THE RECORDS:

########################################

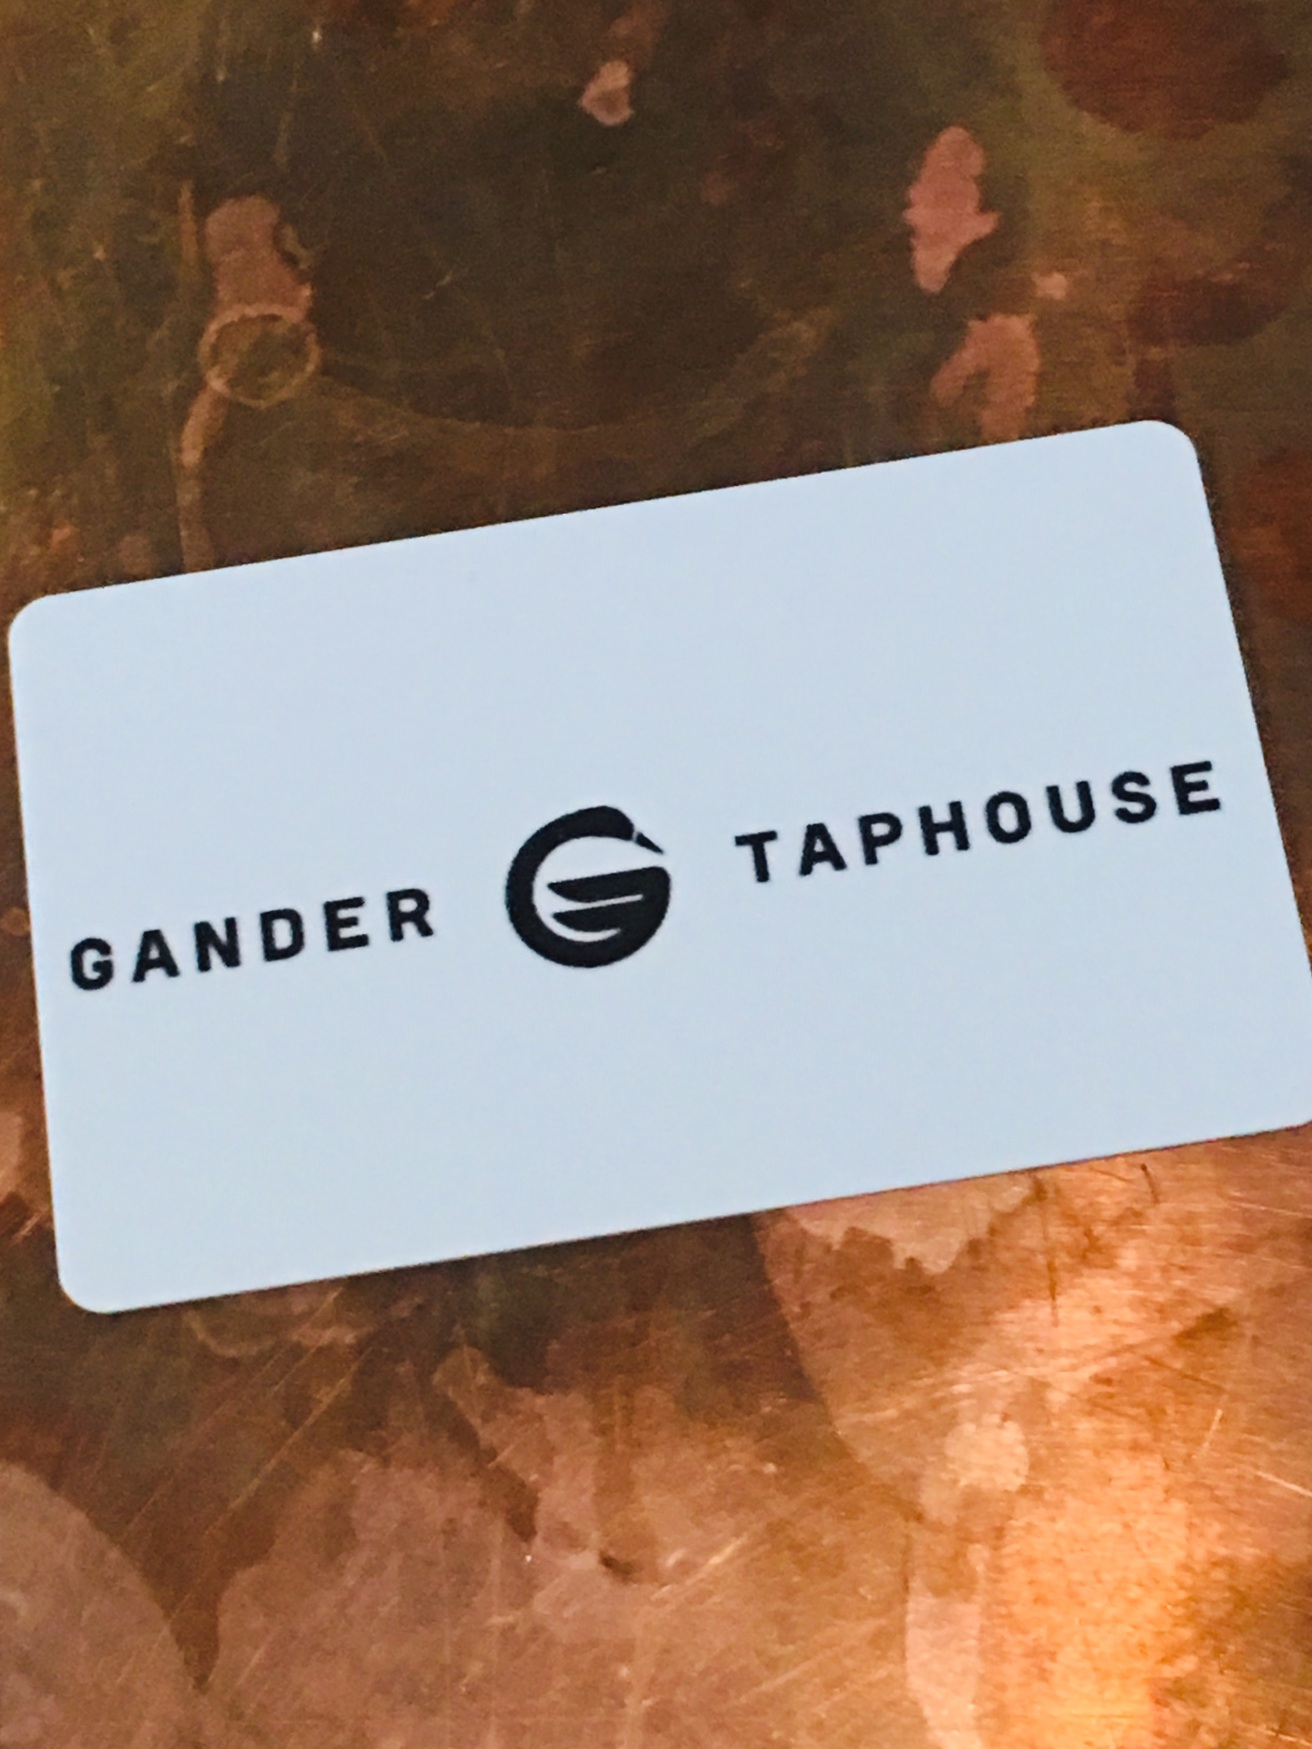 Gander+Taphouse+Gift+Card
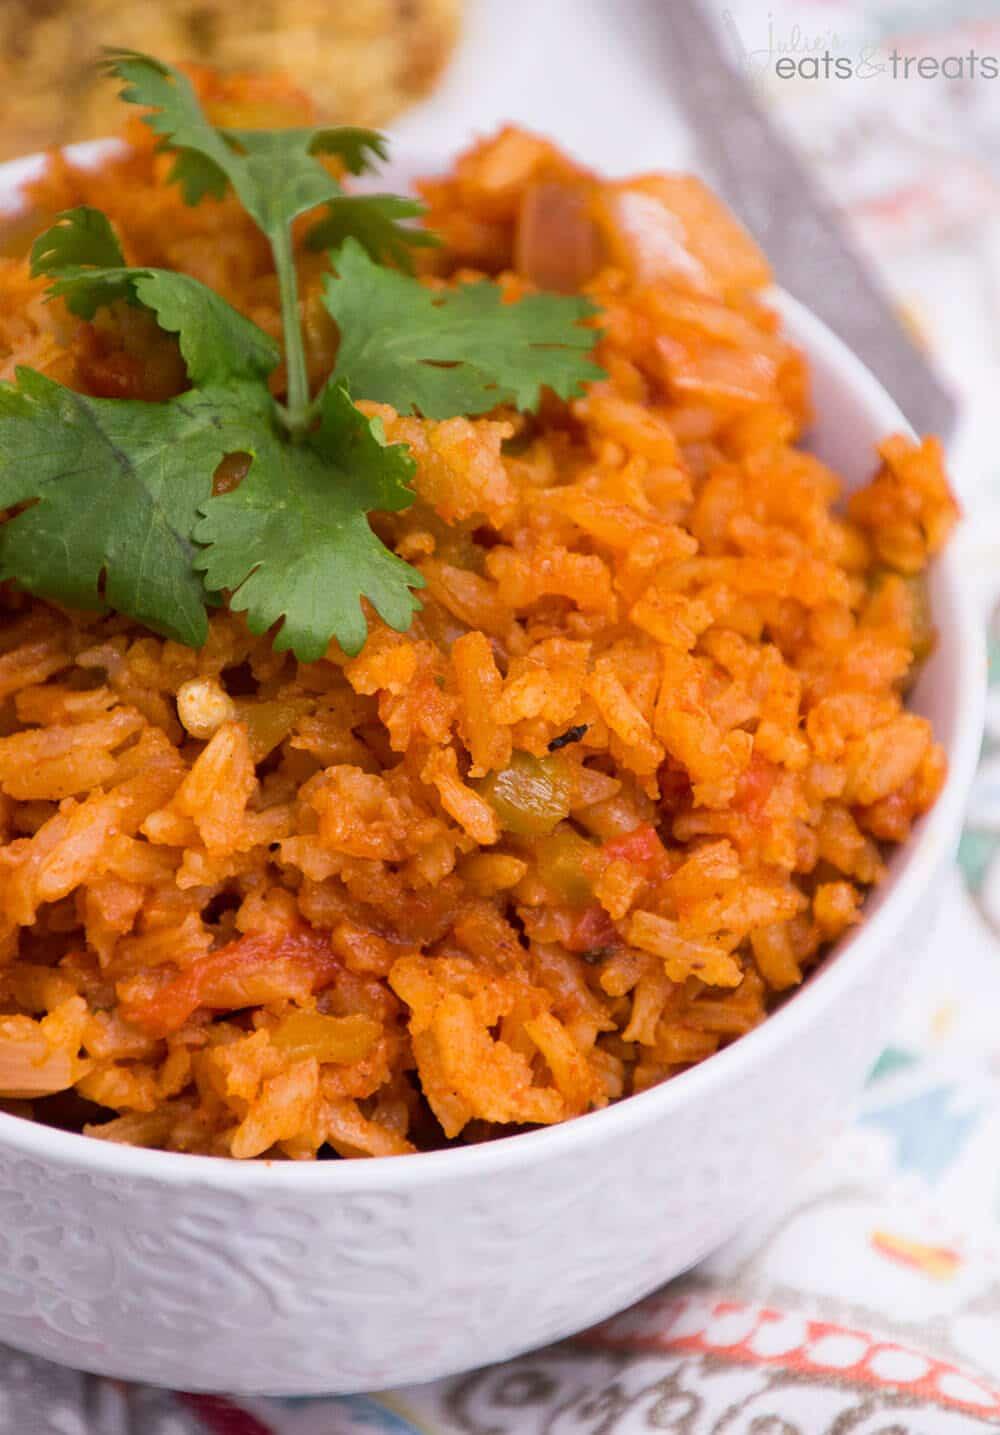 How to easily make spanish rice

########################################

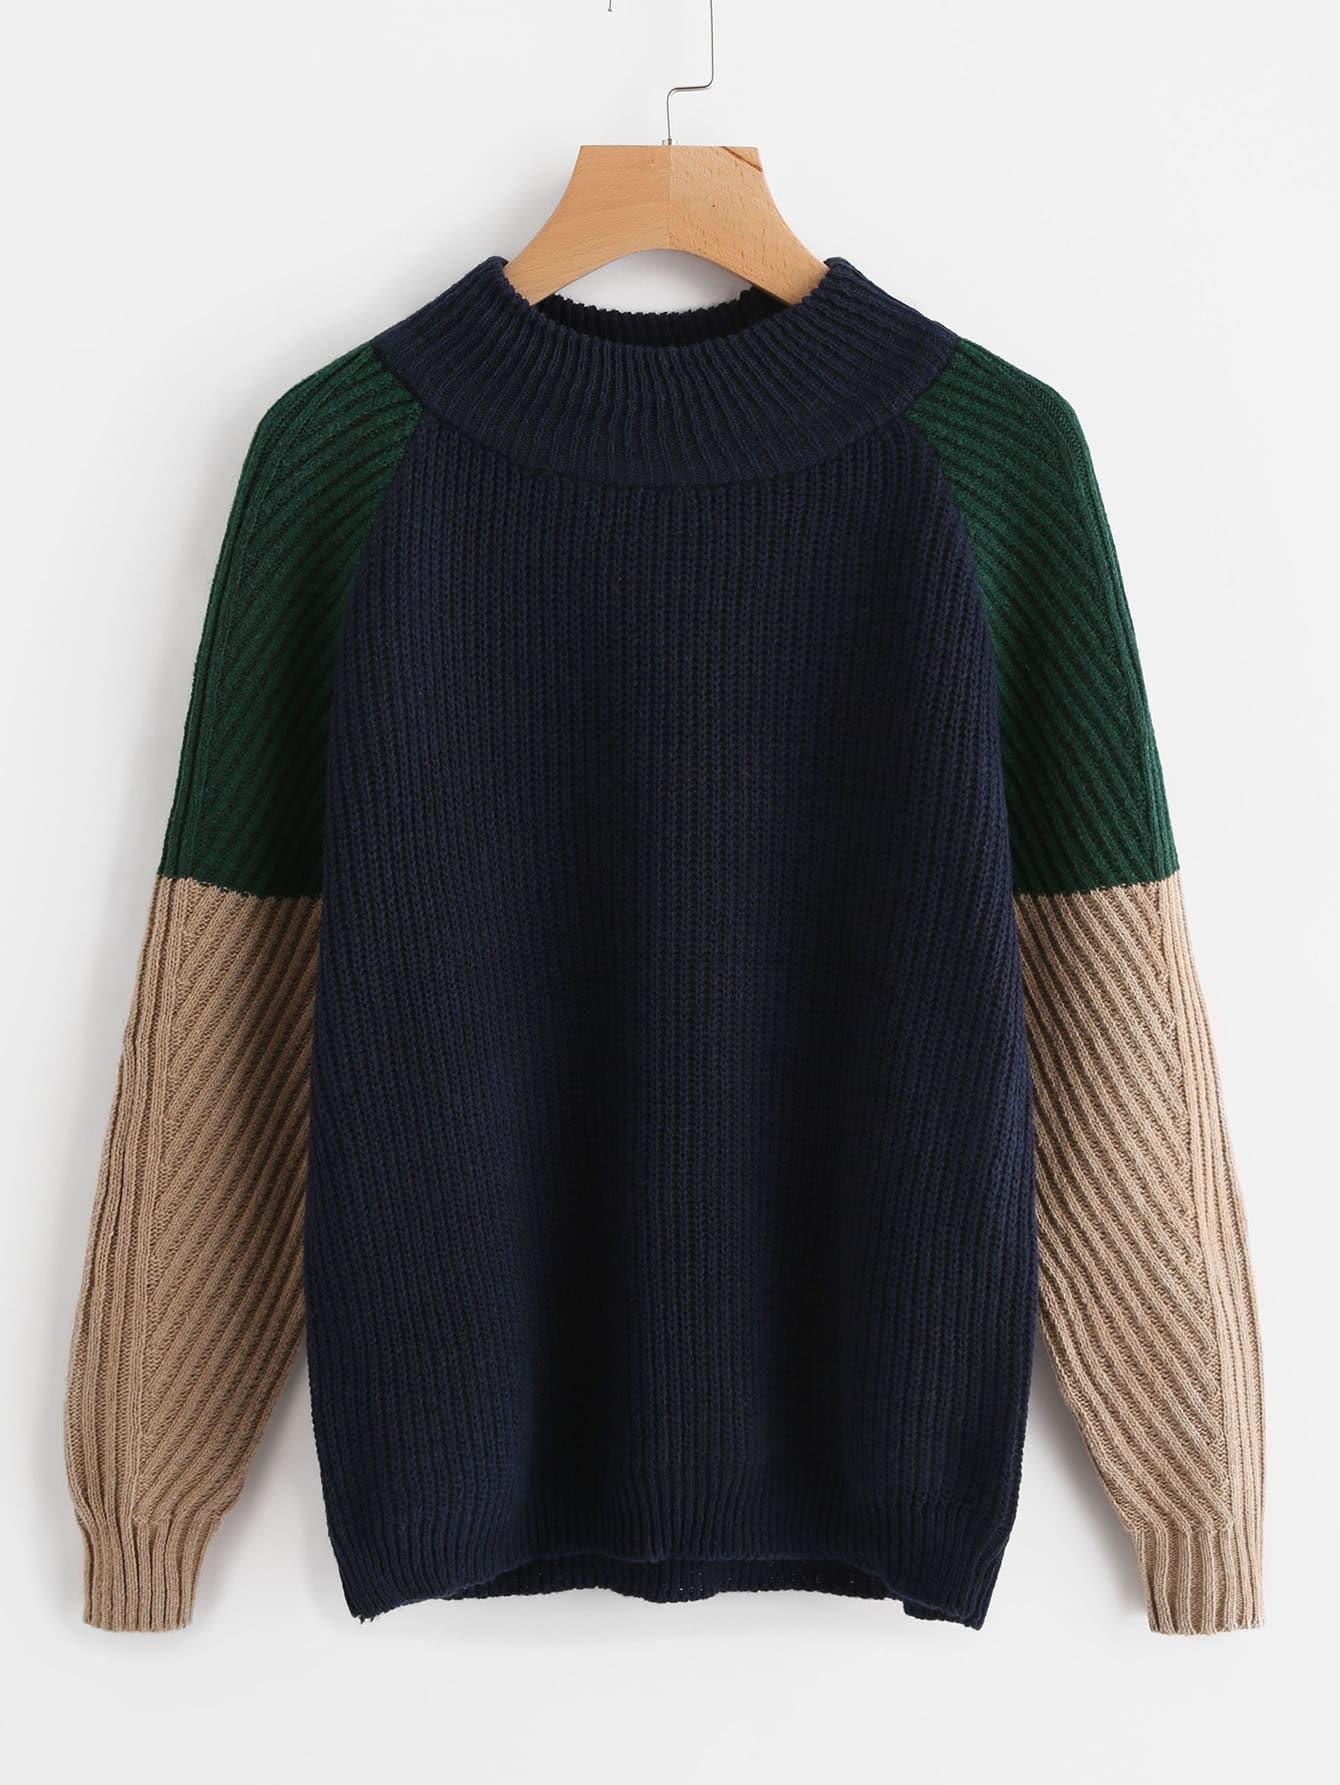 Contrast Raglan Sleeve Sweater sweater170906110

########################################

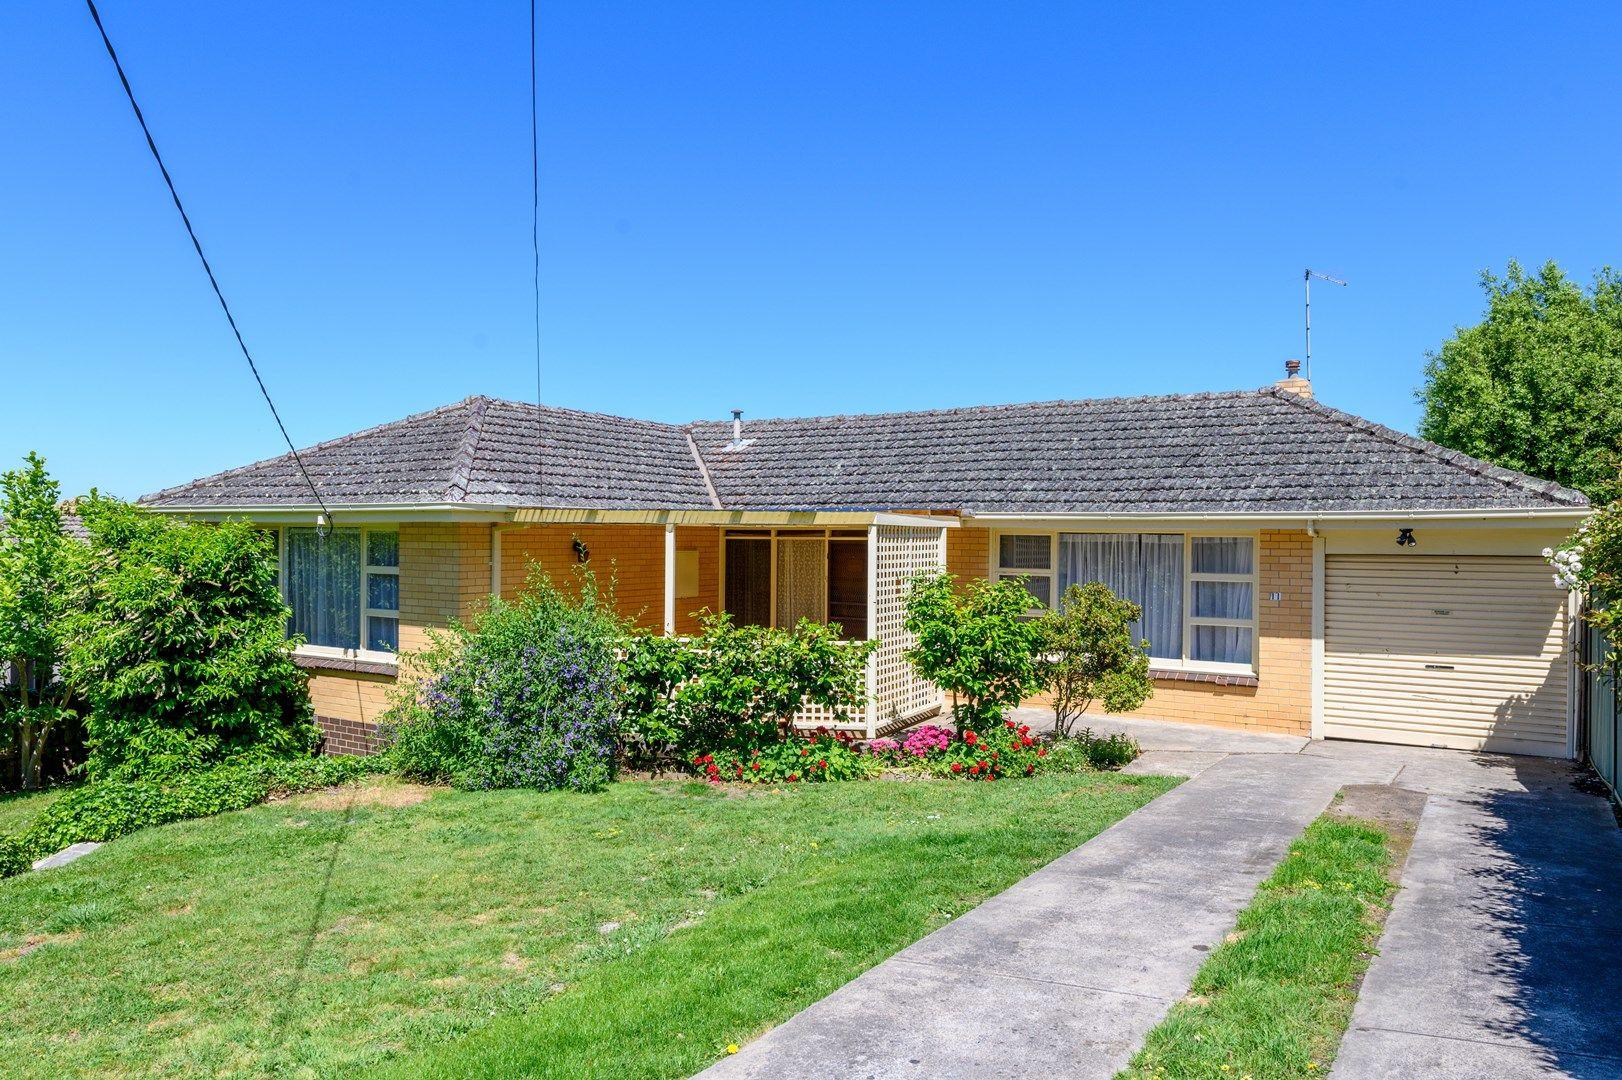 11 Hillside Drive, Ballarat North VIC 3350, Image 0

########################################

WHAT YOU ARE ASKED TO DO:
An exact copy is needed. It runs from the line above containing "Gander+Taphouse+Gift+Card" down to the line containing "How to easily make spanish rice", both included, with no pictures.

ANSWER TO THE EXERCISE:
 Gander+Taphouse+Gift+Card
 How to easily make spanish rice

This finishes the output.